Listed Building – Grade II
- Official name: Frogmore Cottage in Frogmore Grounds
- Reference no.: 1117778

= Frogmore Cottage =

Historic building in Windsor, UK

Frogmore Cottage is a historic Grade II listed home on the Frogmore estate, which is part of Home Park in Windsor, England. The cottage was described as a 5,089 sqft, five bedroom and nursery, four bathroom single-residence house in 2020.

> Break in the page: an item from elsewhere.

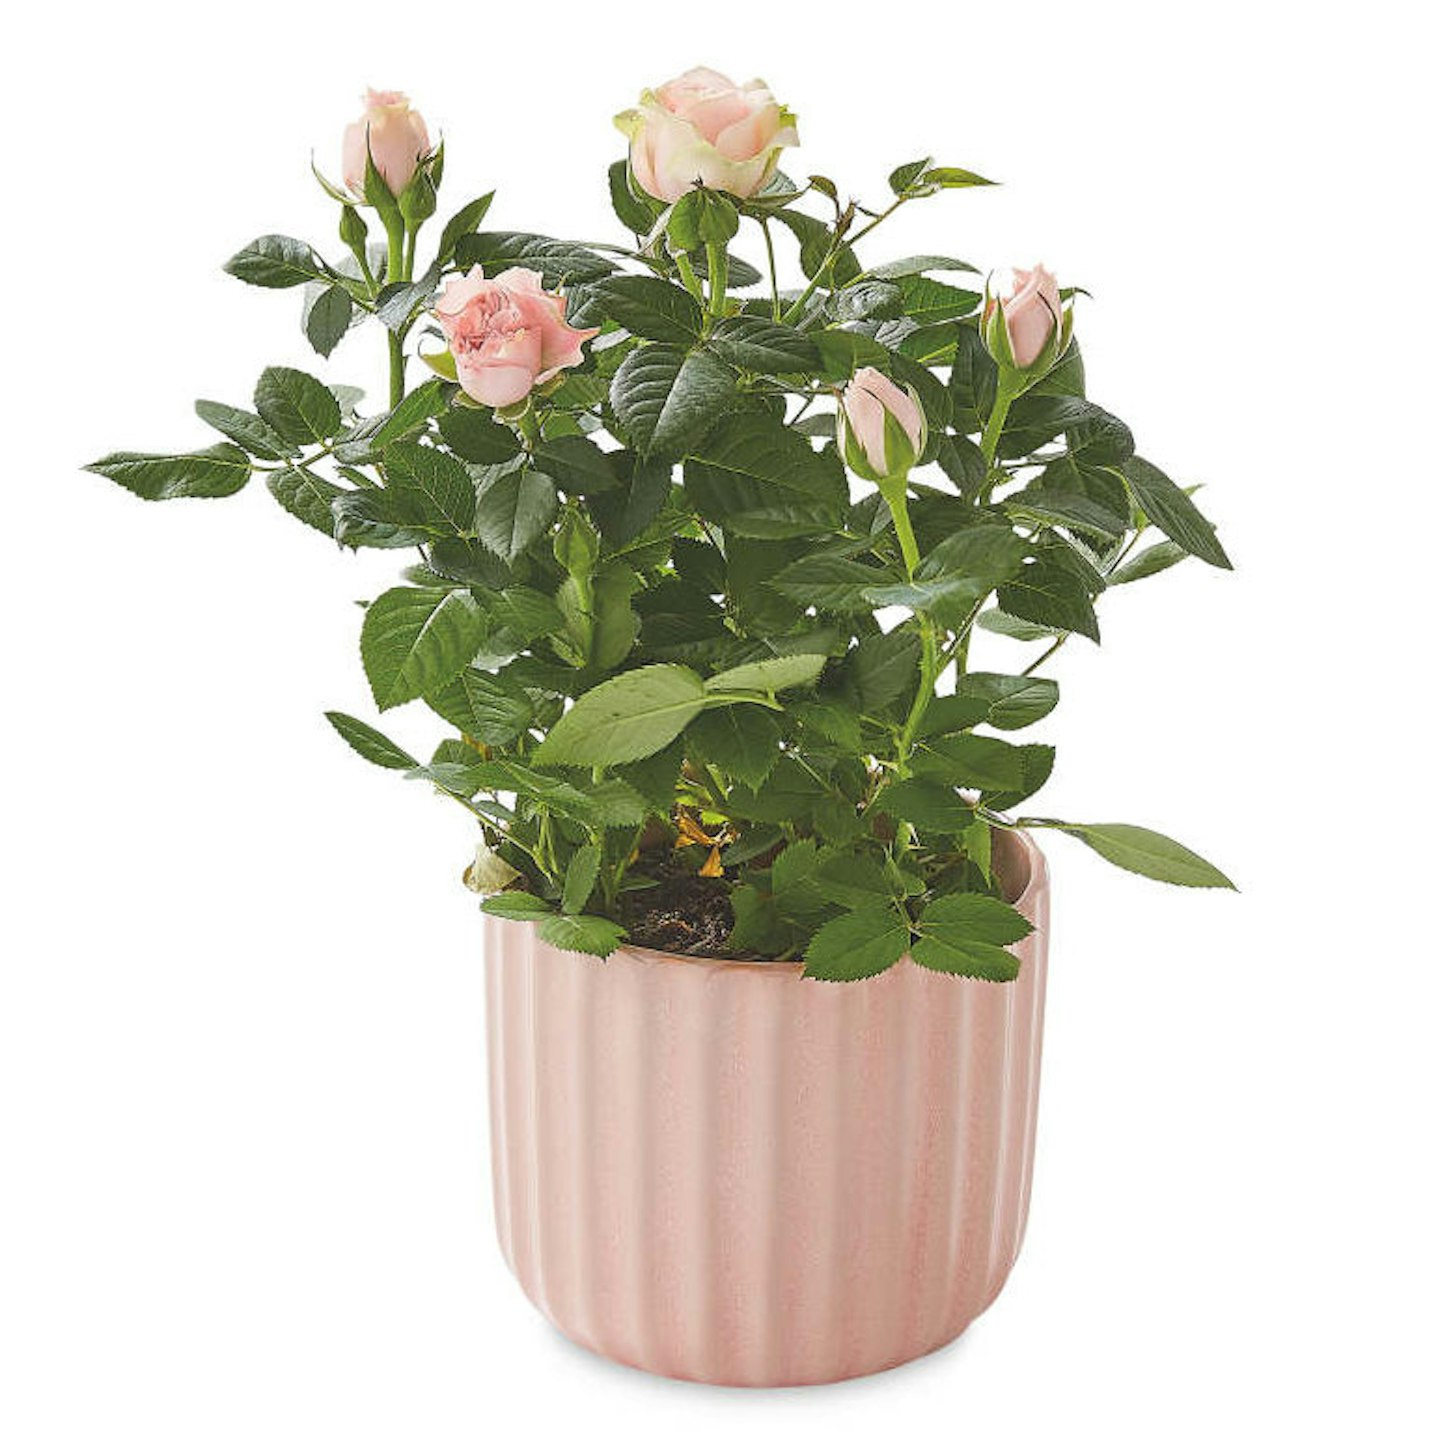 Flowering Rose In Ceramic Pot

Built in 1801 at the direction of Queen Charlotte in the gardens near Frogmore House, Frogmore Cottage is part of the Crown Estate, the British monarch's public estate.

== History ==
The cottage was originally known as Double Garden Cottage and was listed in Queen Charlotte's 1801 accounts for her garden as having been built for £450 by a Mr Bowen. Queen Victoria had breakfast at the cottage on 28 June 1875 and noted an "immense number of little frogs" which she found "quite disgusting". The cottage has been listed Grade II on the National Heritage List for England since October 1975. The listing provides little of the history: "Early C19 plain 2 storey house with parapet. Centre break with porch. Glazing bar sashes. Stucco faced".

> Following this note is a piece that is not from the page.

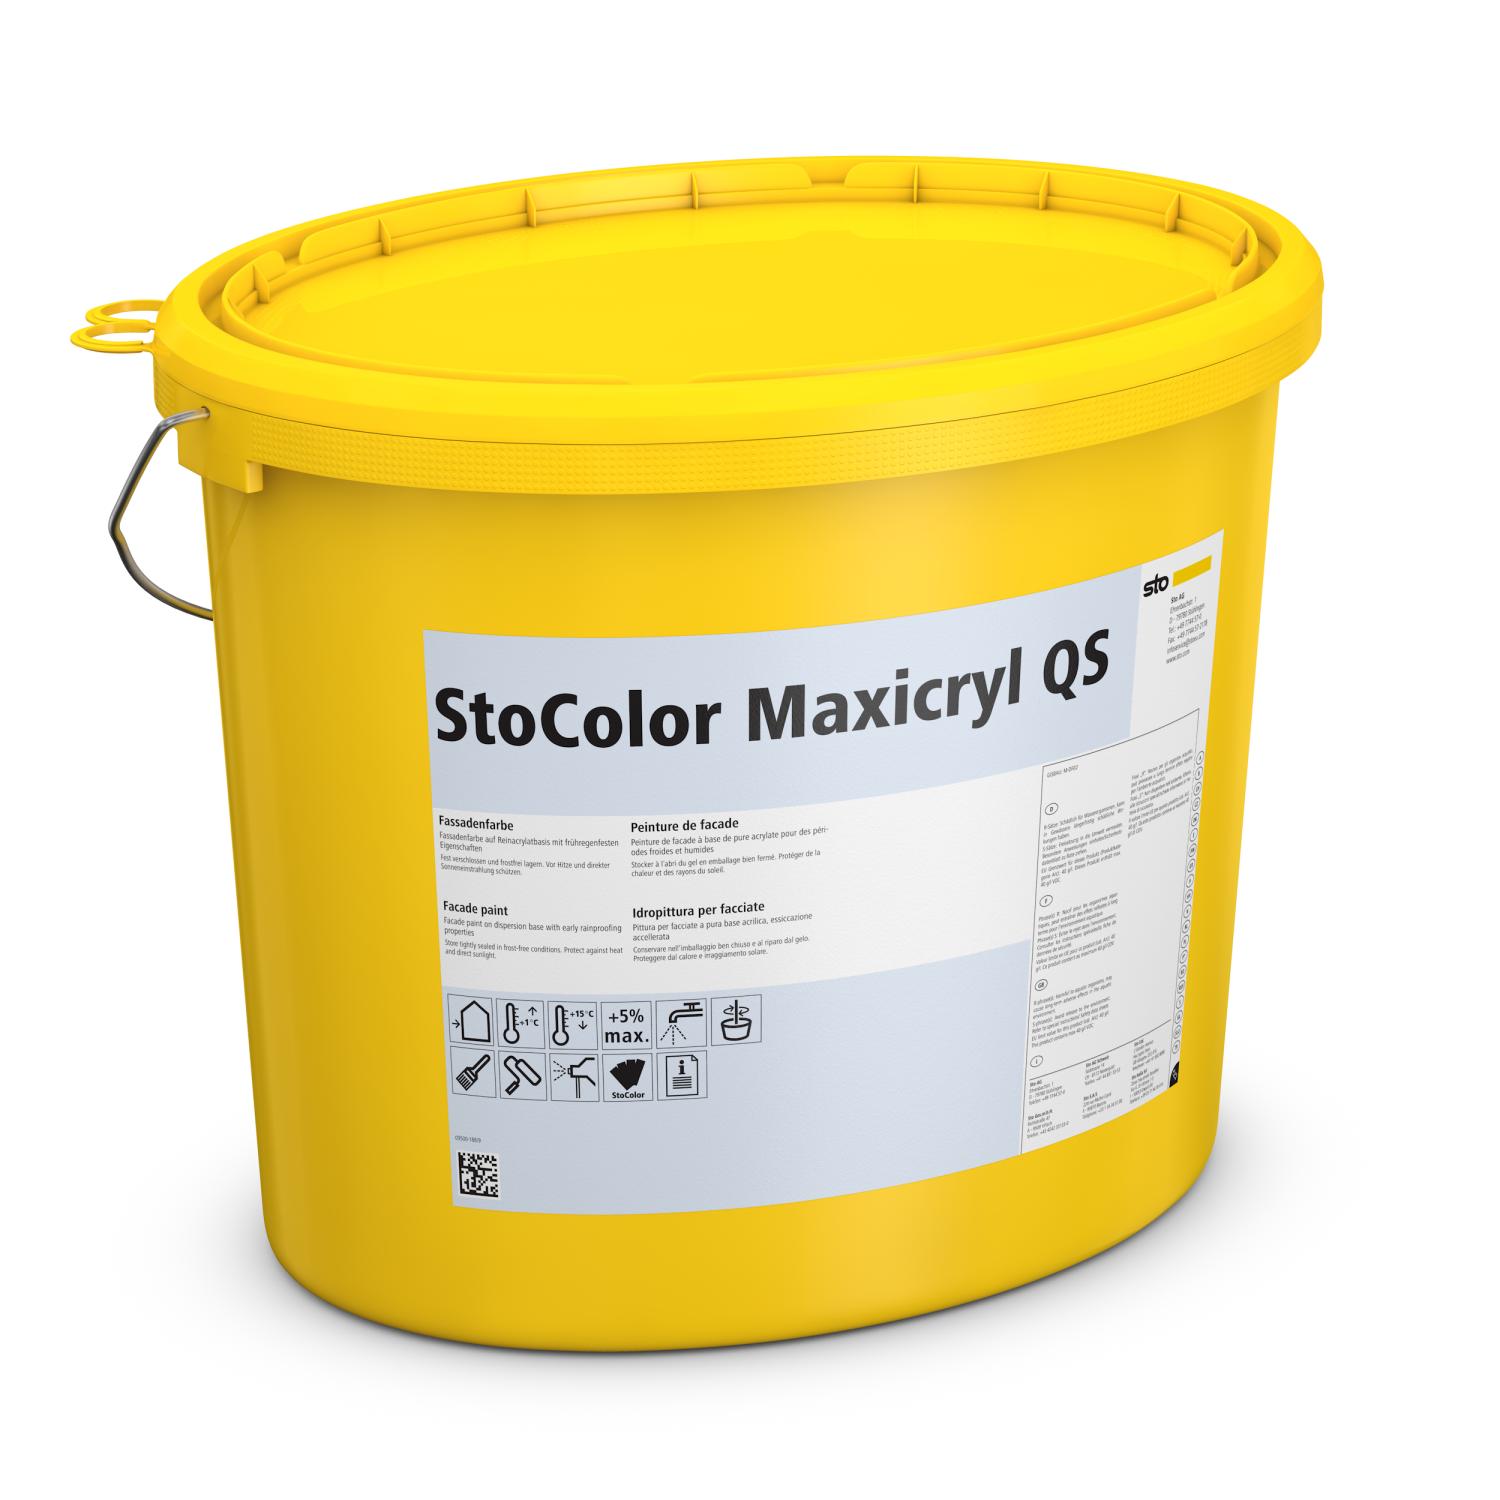 StoColor Maxicryl QS

===19th and 20th century occupants===
The cottage was a retreat for Charlotte, the queen consort of George III, and her unmarried daughters. The theologian Henry James Sr. and his family lived at the cottage in the 1840s. A personal secretary of Queen Victoria, Abdul Karim, moved to Frogmore Cottage in 1897 with his wife and father. Grand Duchess Xenia Alexandrovna in exile from her native Russia after the Russian Revolution stayed there in the 1920s.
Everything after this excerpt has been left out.